I ended up building a very practical version of Karpathy's pattern:

Raw layer: daily notes, source notes, and meeting notes
Durable layer: people, decisions, workstreams, risks, open questions, weekly syntheses, executive briefs
Instruction layer: a small rules file telling CoWork what to read first, how to promote notes, and what counts as canonical

The key move was simple: point Obsidian and CoWork at the same folder on disk.

Now my notes are not just where I write things down. They're where project memory lives.

During the day, I dump my thoughts into a daily note. Fast. Messy. Meeting transcripts go there too.

At the end of the day, I ask CoWork (or Codex) to run a promotion pass: take the durable signal from the daily note and update the pages that should still matter tomorrow.

Not everything deserves immortality. Offhand joke in a meeting? Probably not canonical. A staffing risk, a product decision, or a repeated customer concern? That should not die in a daily note.

That's the whole game: capture raw inputs without friction, then promote what compounds.

Why this feels different

CoWork could write. It could summarize. It could help. But it was always one unexpected reset away from acting like a very capable stranger.

This setup does not turn it into "you." But it does make it a much better stand-in for your operating context.

Now when I start a session, the conversation starts further up the hill. It knows the people involved, the active workstreams, the decisions already made, and the risks already known.

I tested that the dumbest possible way: I opened a new CoWork task pointed at the vault and asked, "what do we need to wrap up by EOW?" Before answering, it went and read the instructions, the home page, the naming conventions, the workstreams index, the weekly syntheses index, the active workstream pages, the current weekly note, and today's daily note.
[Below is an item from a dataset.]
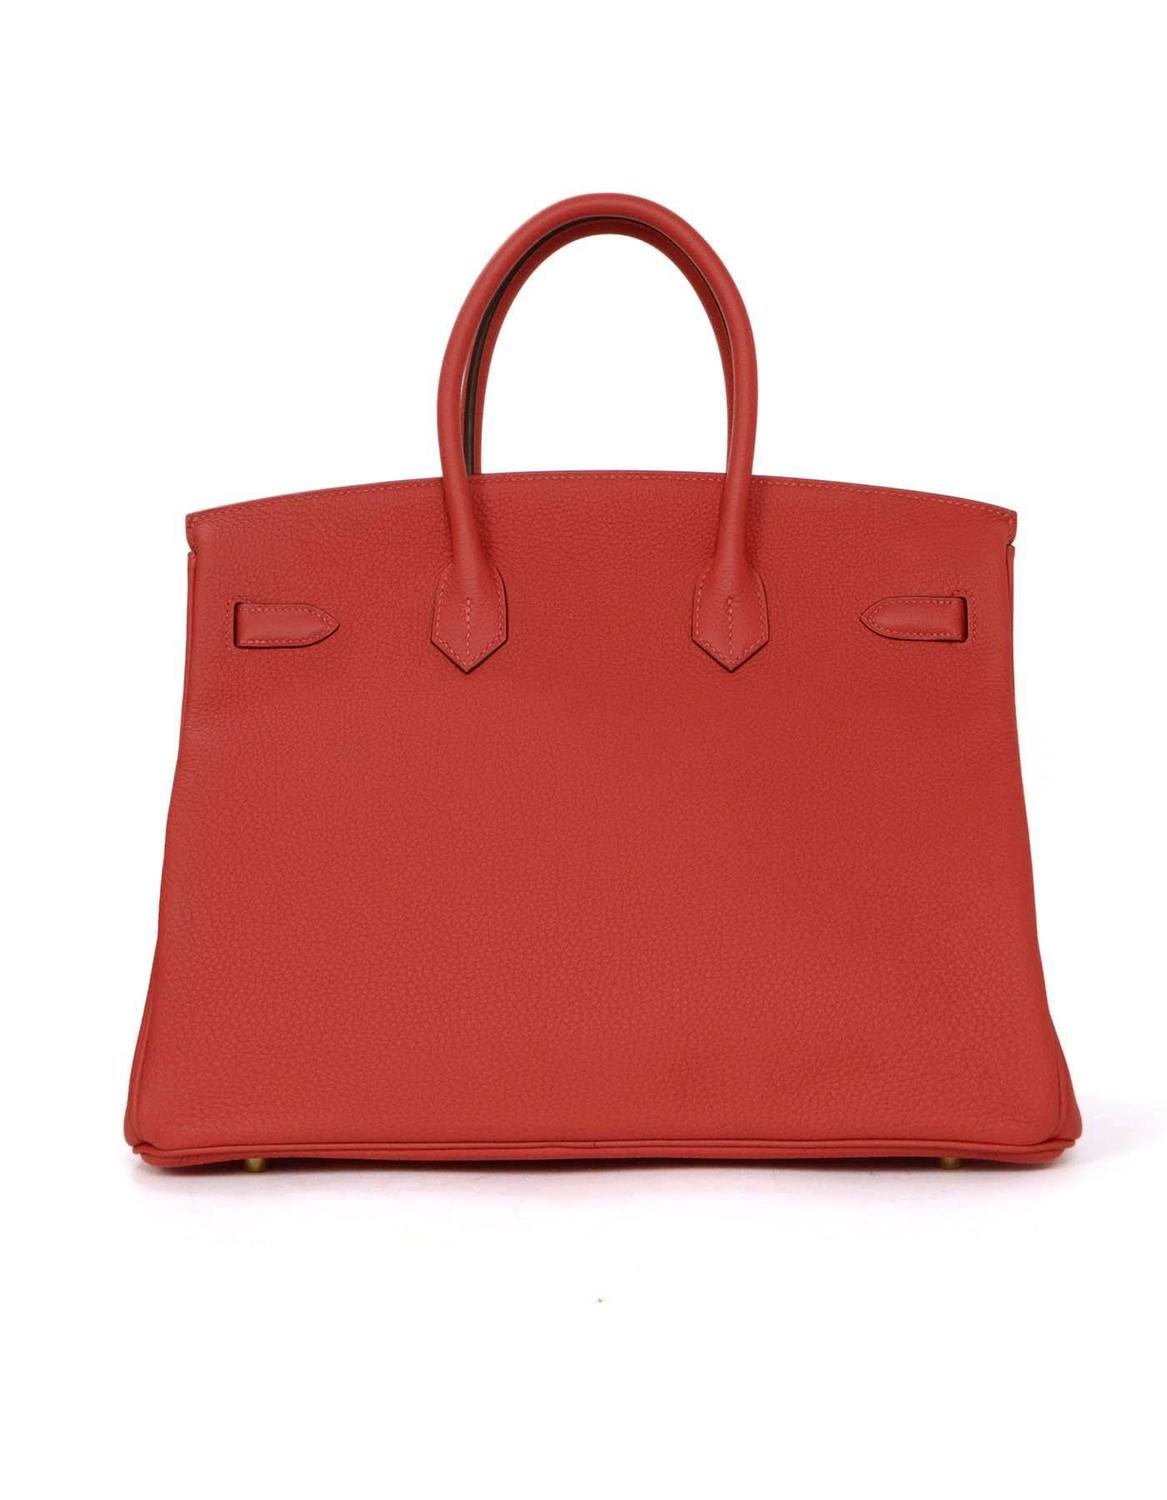 Hermes '14 New in Box Rouge Pivone Togo Leather 35cm Birkin Bag w ...

That is the whole point. I did not re-brief it. The system went and got the context.

And most importantly, it seems to make better judgments about what actually matters.

A lot of prompt engineering is really context compensation. You're trying to make up for the fact that the model has no durable memory of your world. Once the notes become structured, linkable, and maintained over time, you need less clever prompting because the system has more honest context.

Tool-native memory is a convenience layer. Your notes on disk are the asset. And naturally, it's backed up in a private git repo.

Where this is still unformed

I'm pretty sure this is directionally right. I'm not at all sure I have the final form.

Karpathy's fuller pattern goes further than what I'm doing. It has a more explicit ingest, query, and lint loop. It pushes the agent to look for contradictions, stale claims, missing links, and research gaps.

Mine is more operational. More daily-note-first. More "make my meetings and project work stop evaporating."

I don't yet know how proactive I want the maintenance loop to become. I don't know how much structure is enough before the system becomes its own job. And I don't know whether this stays clean at scale without a more formal index and health-check pass.

Those all feel like real questions. I'll answer them as I discover the rough edges.

Takeaway

Karpathy is describing a big idea. The approachable version is smaller:

stop treating CoWork like a chat window and start giving it a place to remember.

Your daily notes, meeting notes, and source material do not have to be dead documents.

If you want to try it, I pulled together the lightweight setup I'm using:

Obsidian and Cowork Setup Guide: fresh setup instructions, how to point Cowork at the vault, and the exact instructions to paste into Cowork
Day-to-Day Vault Guide: the simple daily workflow for actually using it
Bootstrap Script: scaffolds the vault structure locally

It's still early, but it's already better than trusting a very smart system that occasionally forgets where I work.

One version of CoWork helps in the moment. The other gets more useful every week.